Dr Bryan Eaton: Vaccine would take 6 months, 5 months to produce, and a lot of damage, a lot of lives could be lost in 6 months
Narration: Is Australia prepared for the next flu pandemic?
Dr Bryan Eaton: The virus could be round the world in hours
Narration: The killer Asian strain of avian influenza virus - known as H5N1 – is already in Australia.
But – fortunately– it’s contained in a lab.
Dr Bryan Eaton: Each of us has to flash this card, ill do it first and you follow.
Jonica Newby, Reporter: So it actually takes two cards to let you through.
Dr Bryan Eaton: Yes
Jonica Newby, Reporter: Pretty high security
Dr Bryan Eaton: Yes it is
Narration: Here, in one of the worlds most microbiologically secure facilities, lie clues as to why this virus is such a threat…
Dr Bryan Eaton: If you go into the shower block here, Ill go into the next one and Ill see you on the other side.
Jonica Newby, Reporter: There’s a lot of airlocks.
Dr Bryan Eaton: Yeah, a lot of airlocks.
Jonica Newby, Reporter: You obviously don’t want to be the ones to let the virus out.
Dr Bryan Eaton: No, no, the sample that arrived have been brought to the laboratory over here, where we do all the avian flu.
Jonica Newby, Reporter: So there could be actual avian flu here?
Dr Bryan Eaton: Yes, yes
Narration: Virologist Bryan Eaton, is part of a team, fine tuning Australia’s ability to detect H5N1.
Narration: We’re not allowed inside where there’s live virus, but Brian has agreed to take us to the inactivated version, under the electron microscope.
Jonica Newby, Reporter: Is that it? That’s the virus?
Dr Bryan Eaton: Yes
Jonica Newby, Reporter: So these are the very first images of the virus in Australia?
Dr Bryan Eaton: Yes, I’m sure it is…and you can see three virus particles here.
Jonica Newby, Reporter: Yes
Dr Bryan Eaton: And that fringe indicating the spikes on the surface of the virus.
Jonica Newby, Reporter: Is that what you call the H5 spike is it?
Dr Bryan Eaton: That’s where the H5 spike is located on the surface of the virus.
Narration: All flu viruses have protein spikes. These are their battering rams – allowing the virus to get inside our cells and cause damage.
This virus has evolved a particularly dangerous spike - the ‘H5’.
In birds it’s capable of penetrating every cell in the body lungs, liver, heart, even brain…causing total organ shutdown.
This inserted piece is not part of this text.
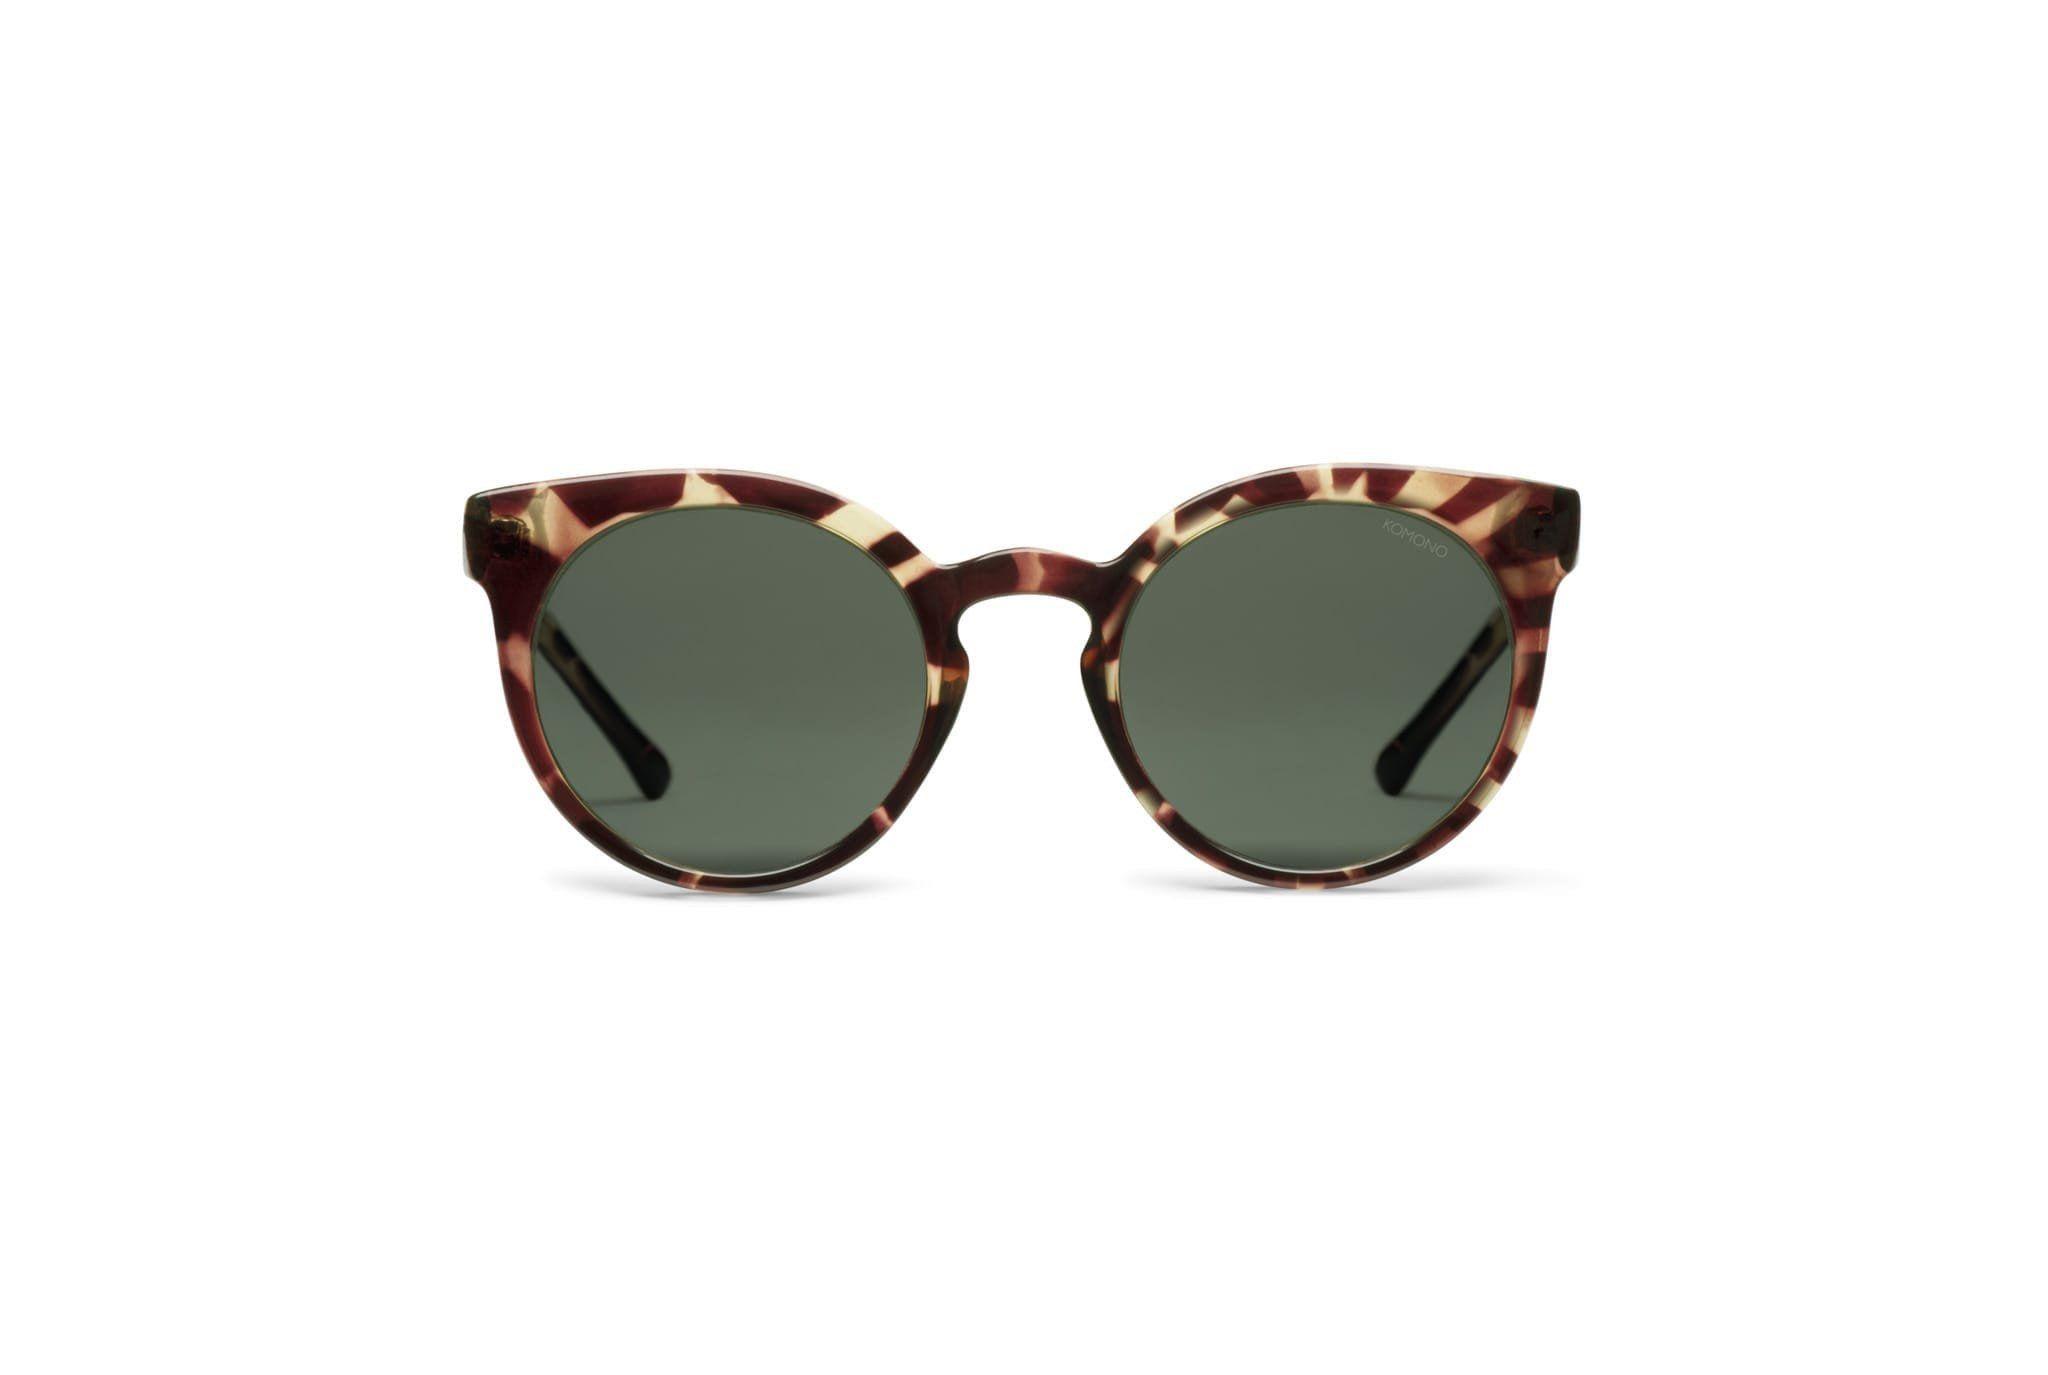 The Komono Lulu sunglasses have a slight upsweep at the edges. Classic and feminine sunglasses for women.

Dr Bryan Eaton: The data from the field would indicate that this is highly virulent and the major factor leading to that virulence is the property of this H5 molecule.
Jonica Newby, Reporter: So its a nasty spike. Dr Bryan Eaton: Yes, a nasty spike…
Dr Bryan Eaton: This virus can kill overnight. It kills with respiratory symptoms, sometimes swollen heads, diarrhea, very rapid death is what the hallmark is with this virus.
The mortality rate was up around 100% on some farms/ So you can imagine what it’s like for a farmer who gets up one morning and walks over to his chicken shed and finds out over half of them are dead on the floor of the shed – very traumatic.
Narration: H5N1 not only kills birds, it kills us.
In the past, bird flu was transmitted from birds to humans, via pigs.
But in 1997 in Hong Kong, for the first time the virus passed directly from birds to humans,killing 6 people. It was H5N1.
Only the rapid slaughter of 1.5 million birds stopped the spread.
Now, H5N1 is back.
Dr Bryan Eaton: It’s really very scary. You walk up to your computer in the morning – you bring up the material that comes in from the web and suddenly it says H5N1 reappears in Hong Kong – chickens are dying in their 100s or 1000s and you think “Oh god we’re here again. What are we going to do this time?
Narration: So far, the virus has only been caught from infected chickens.
In order to cause a pandemic, a global epidemic, it would need to change …it would need to become able to pass directly from human to human.
And that brings us to the other feature of H5N1 that’s giving the experts nightmares…
Narration: Flu viruses constantly shuffle genes. But this one is a master shuffler.
It’s proven it likes to mix - having already acquired genes from duck, goose and quail viruses.
The big fear is if it shuffles the deck again – this time with human flu.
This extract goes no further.